# Help Please Boss



## Twilight (Aug 3, 2012)

I have sent this message previous to a Mod but still no response.

I started a journal some time ago in the "Getting Started" section by pure accident. I have read since that this is not allowed and I apologise.

It is called "The Journal of a demented man" Its near the top with 50 odd replies.

Would someone kindly move this to the correct section for me with all the other journals.

I would really appeciate this and for it not to be deleted as I have now finally got a few followers.
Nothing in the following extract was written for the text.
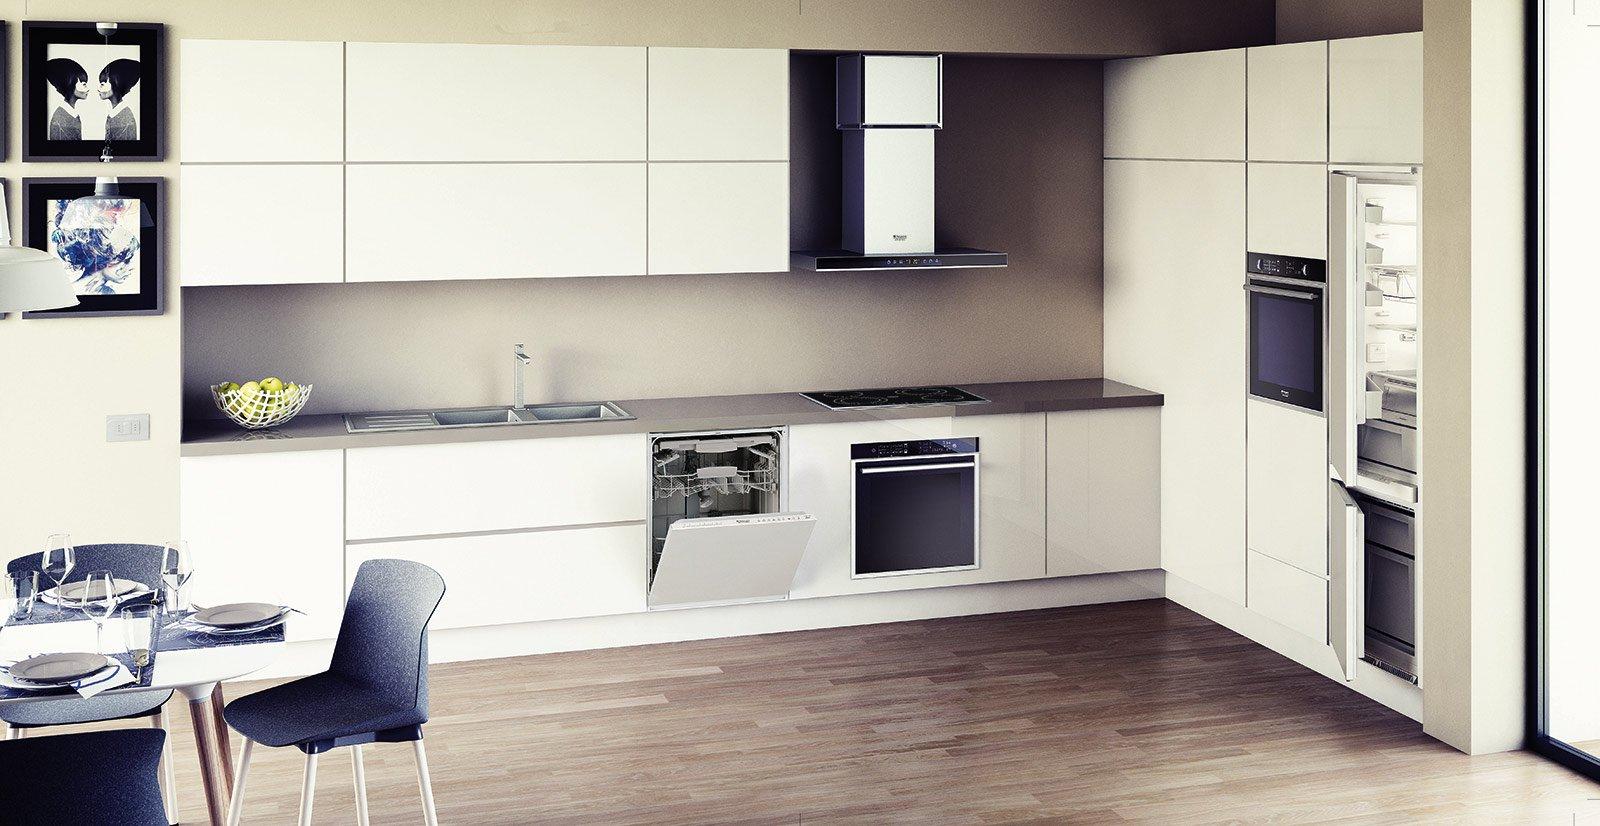 Piano cottura a induzione una nuova gamma attenta al - Cucine a induzione consumi ...
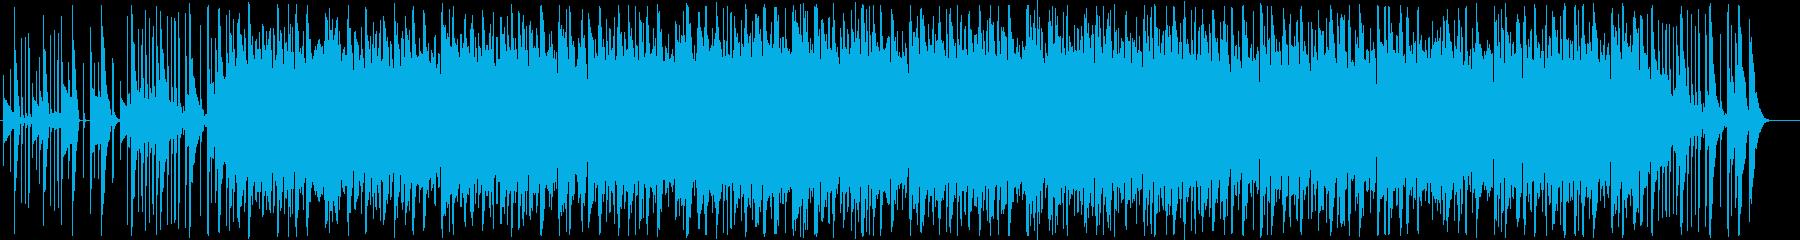 エレクトロポップヴィンテージ80年...の再生済みの波形

Many thanks

Gee


----------



## CoffeeFiend (Aug 31, 2010)

When i saw a thread called Gee Spot i jumped in hoping to see something hillarious like ''Hiya guys ive recently found a woman and im having trouble finding her g spot? she says my penis is to small and its not my fault but its making me really self conscious please help!'' Then i realised it was just the posters name 

Tbh mate they take ages to move things i asked politely to have a few things moved in the past its either been ignored or read then deleted out of spite *sigh* -_-


----------



## Twilight (Aug 3, 2012)

LOL. Gee-spot is perfect for me

Every one has always called me Gee and I play snooker/pool to a reasonable standard so the spot worked cause of the spots on the table.

Now I spot for my brother in the Gym so it still works.

ANd I am good with the ladies 

Seriously though. It takes 30 seconds to move it and I just would liek it in the right place. I hope they can help. I have never asked for anything before.


----------



## CoffeeFiend (Aug 31, 2010)

Gee-Spot said:


> LOL. Gee-spot is perfect for me
> 
> Every one has always called me Gee and I play snooker/pool to a reasonable standard so the spot worked cause of the spots on the table.
> 
> ...


They could do with a few more 'sub-admins' just have loads with very basic privledges like moving posts etc.. hell a lot of the forums oldest members are more than mature/responsible enough to do it a few times a day.


----------



## Lorian (Apr 9, 2003)

Moved.

L


----------